■ MATERIALS PROVIDED:
⟨

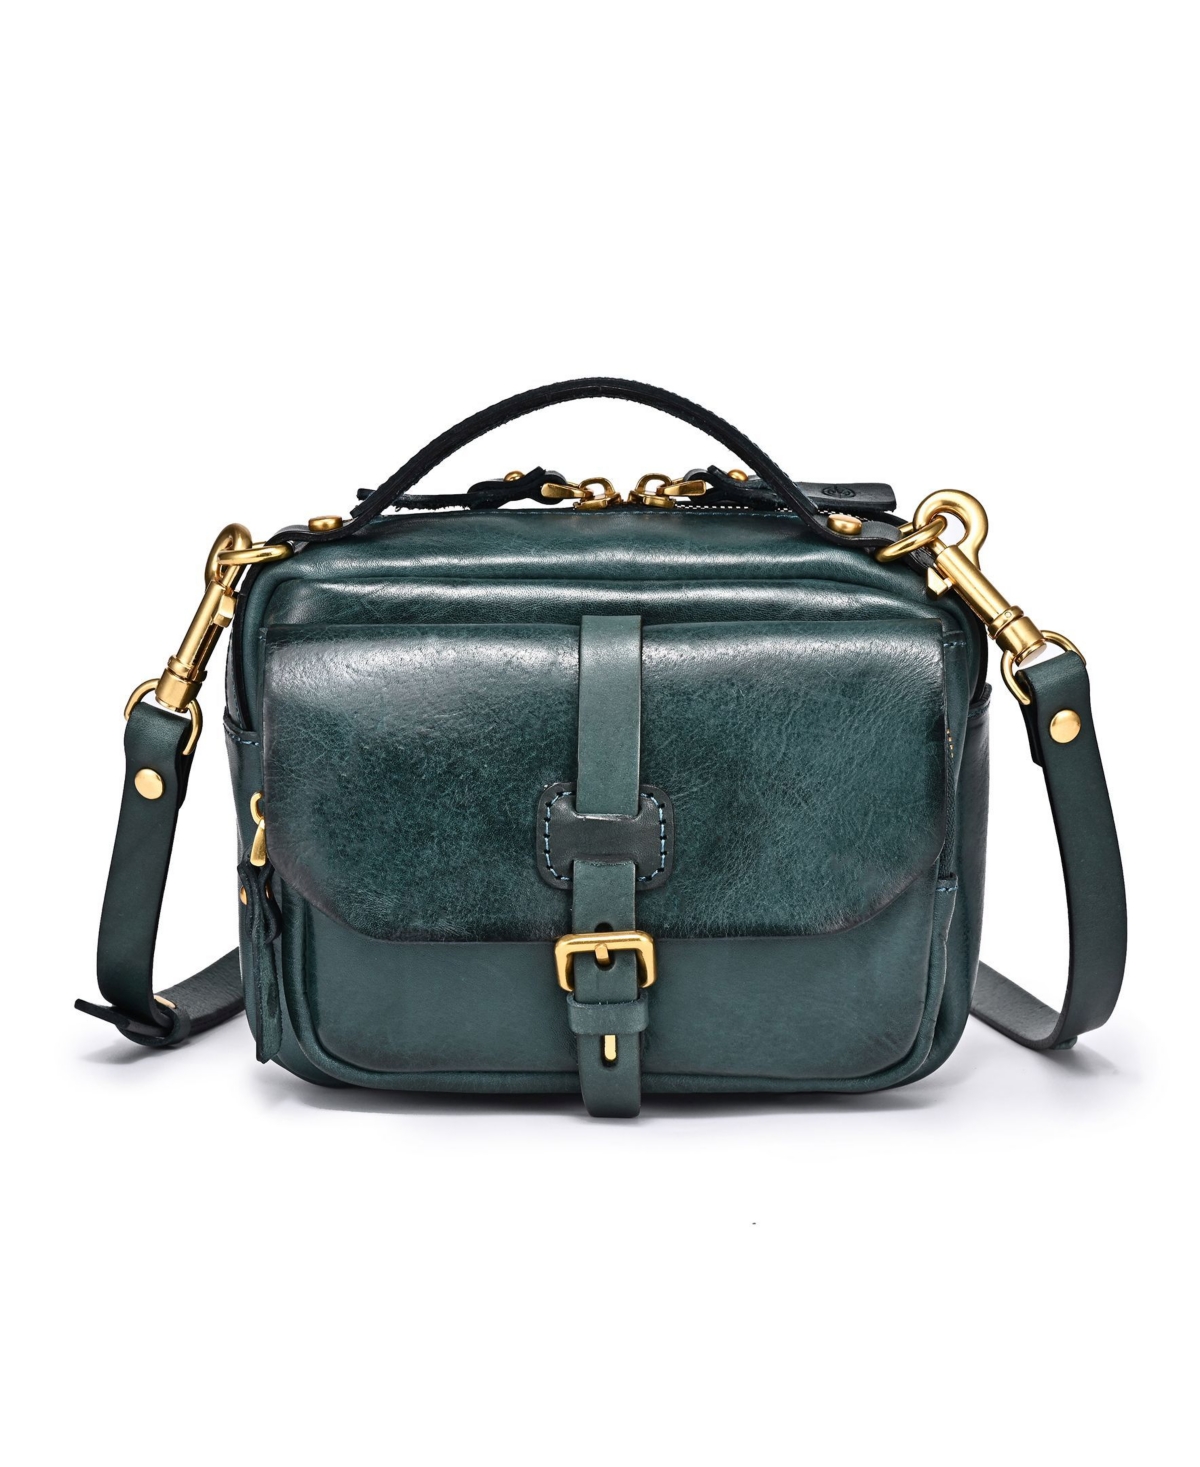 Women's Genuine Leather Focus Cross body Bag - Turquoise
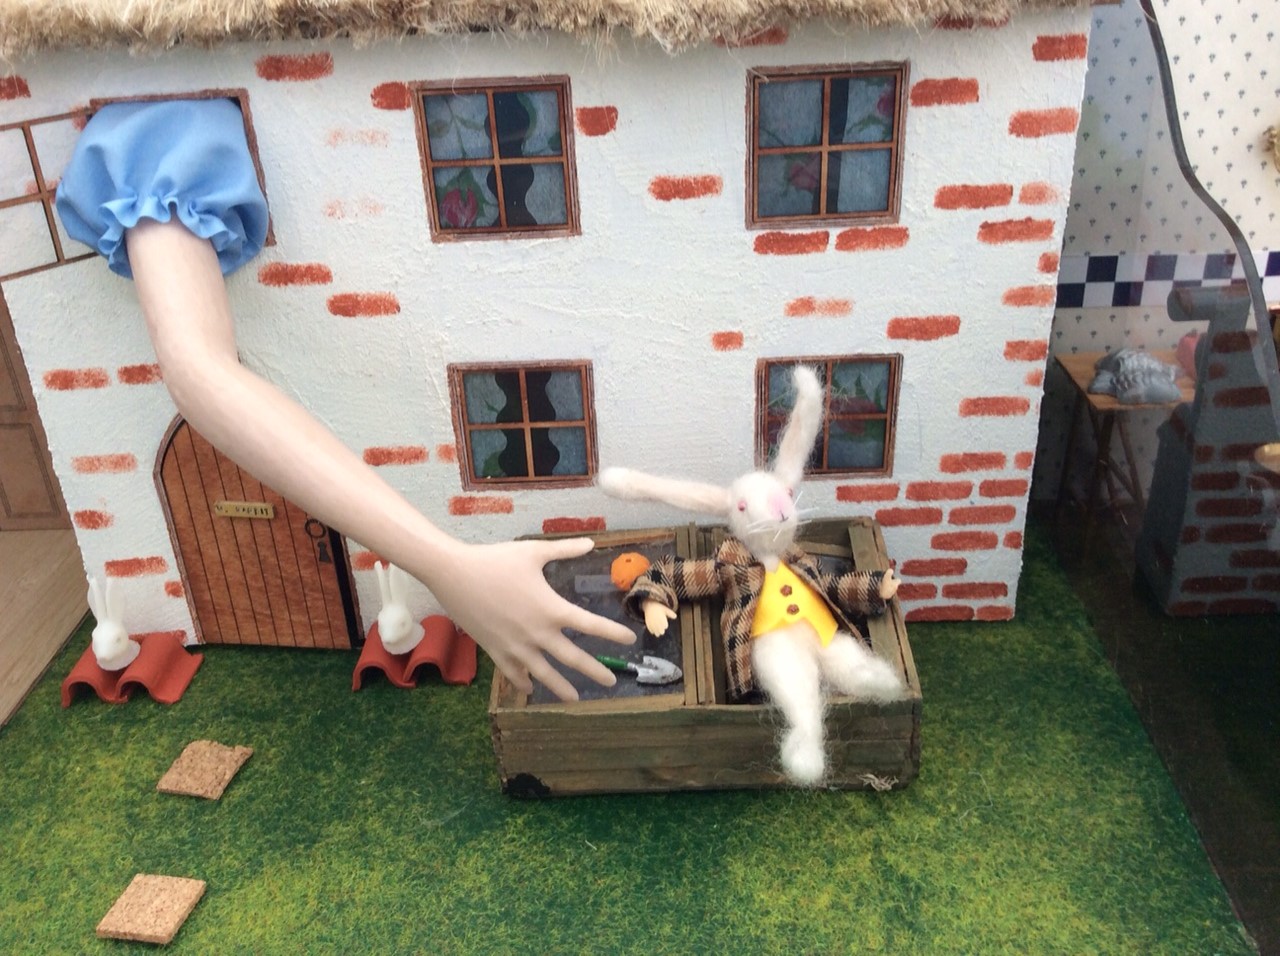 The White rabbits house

⟩
⟨

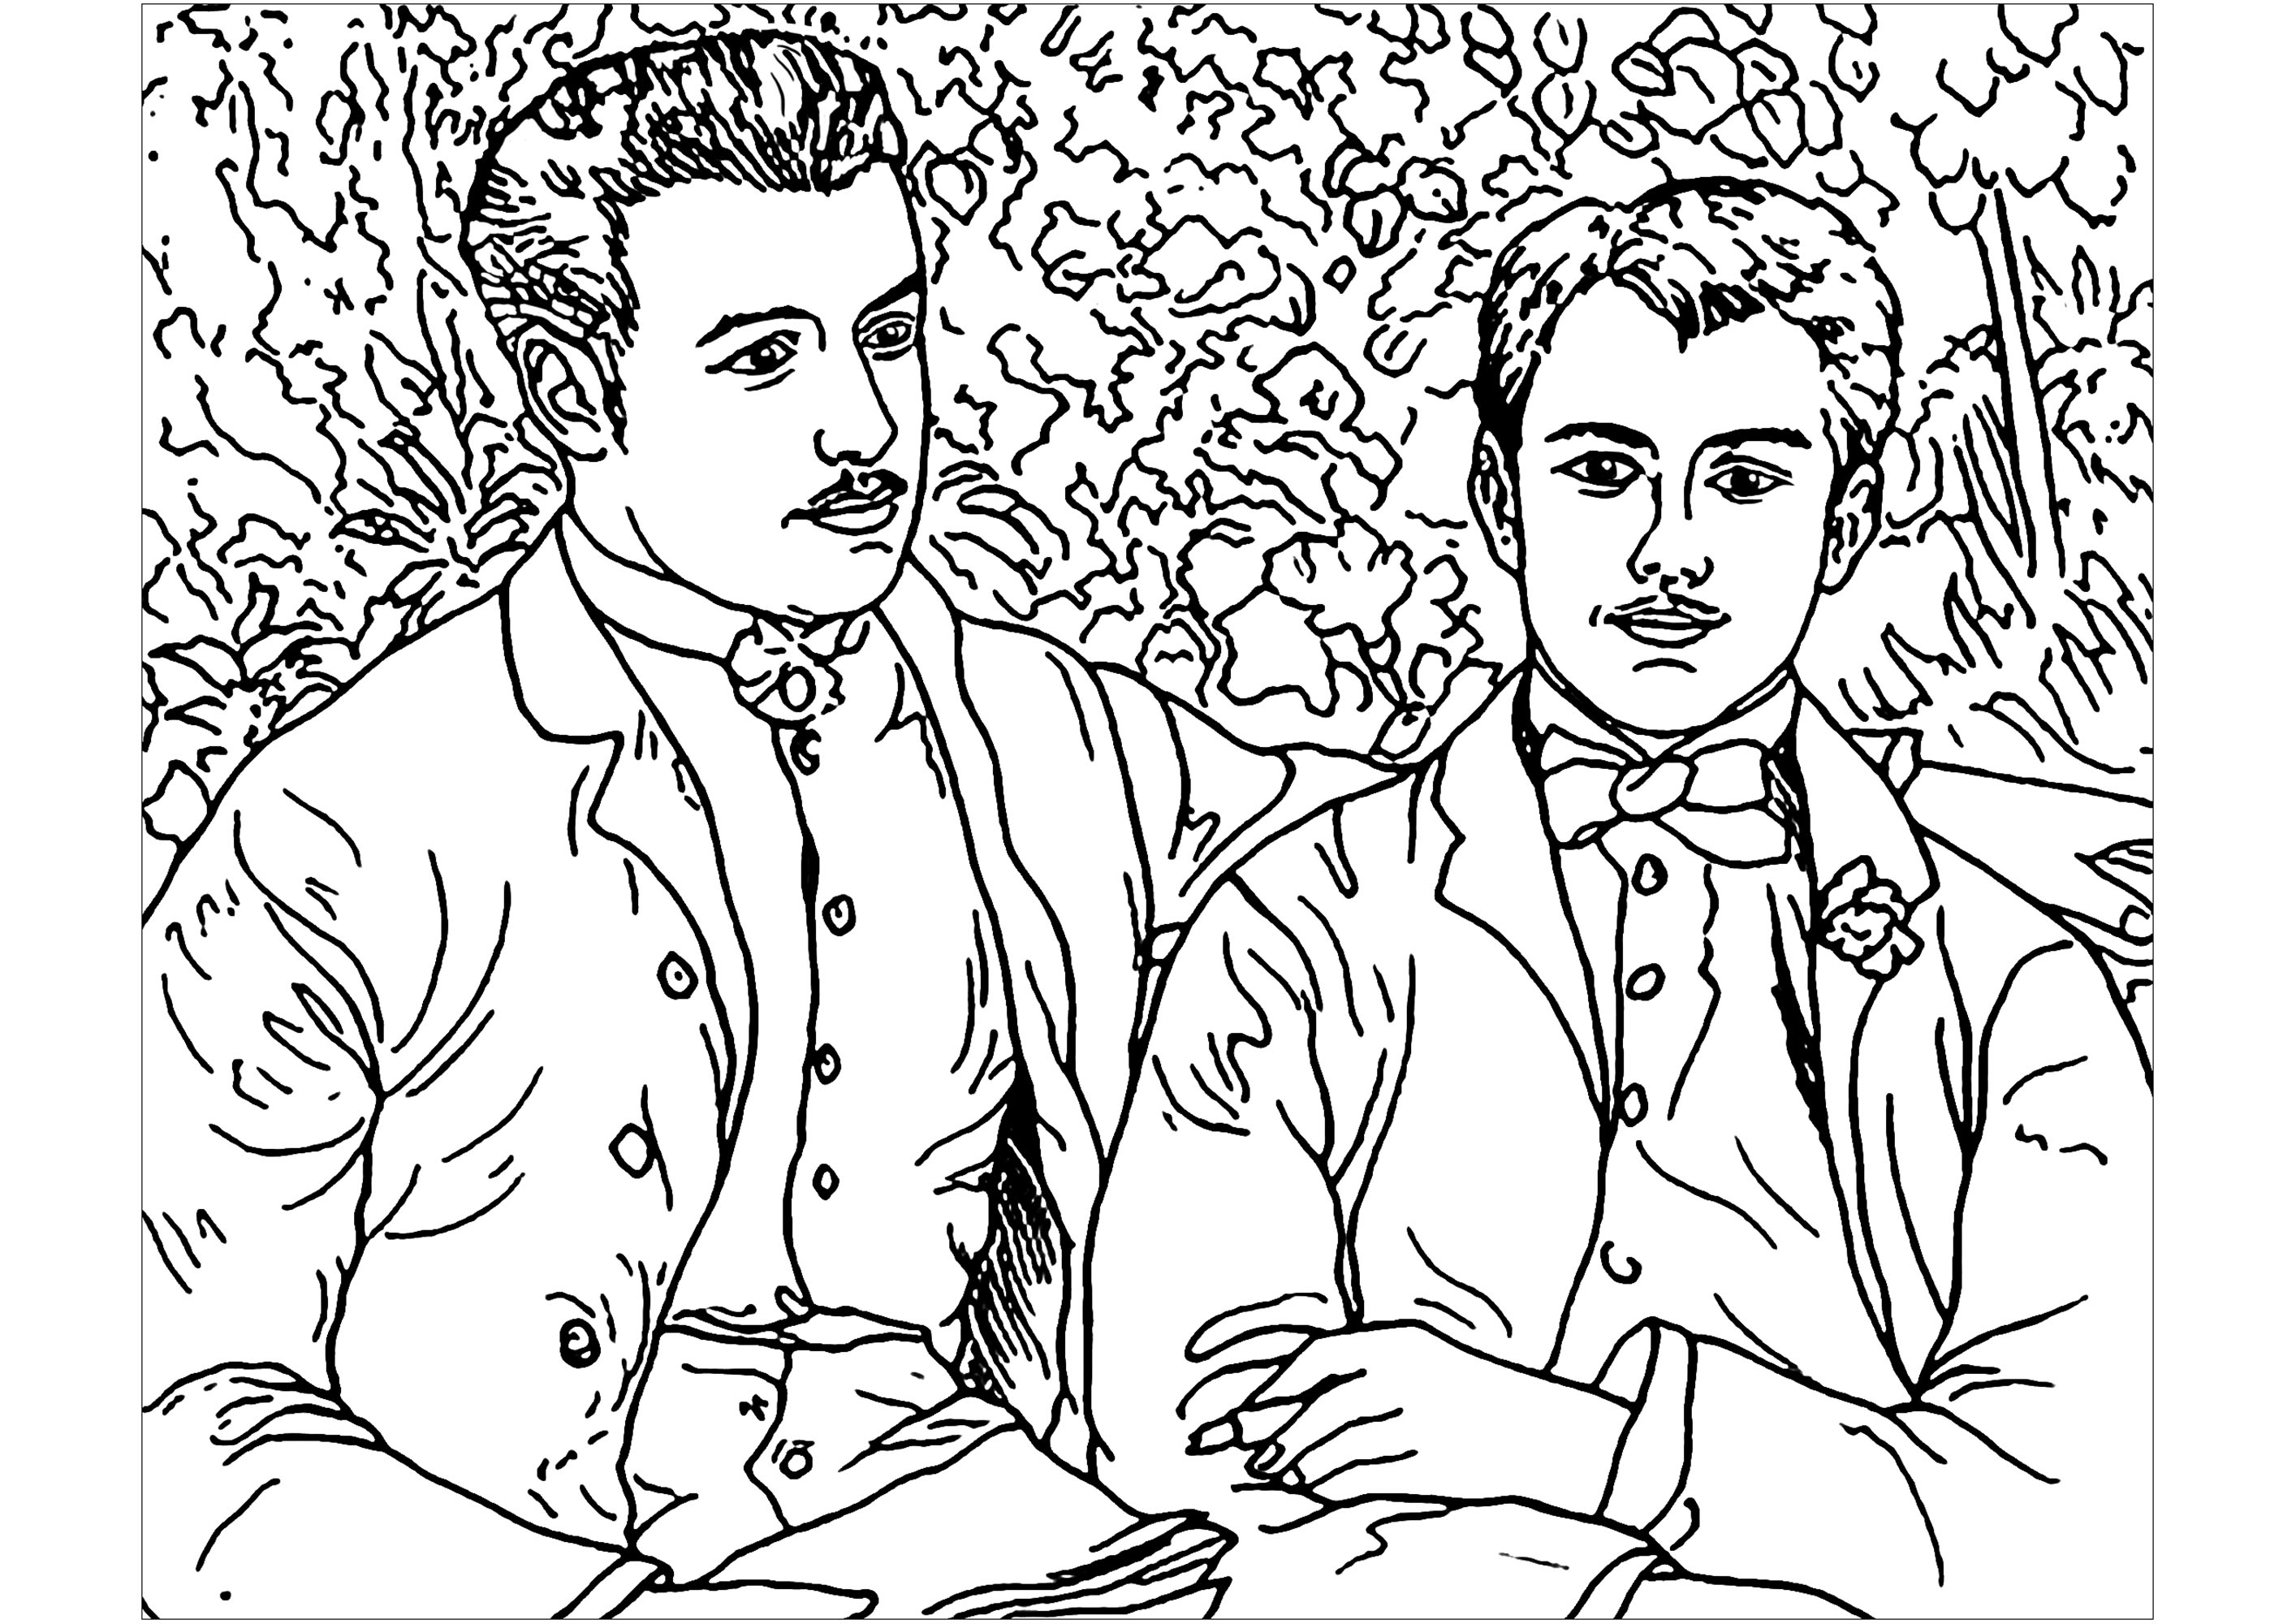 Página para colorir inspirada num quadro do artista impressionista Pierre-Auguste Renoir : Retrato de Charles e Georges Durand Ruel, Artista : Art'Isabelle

⟩

■ ASSIGNED TASK:
Write out exactly the run of lines above that starts at the line containing "Women's Genuine Leather" and ends at the line containing "The White rabbits house". Include both, and leave the pictures out.

■ ANSWER BELOW:
 Women's Genuine Leather Focus Cross body Bag - Turquoise
 The White rabbits house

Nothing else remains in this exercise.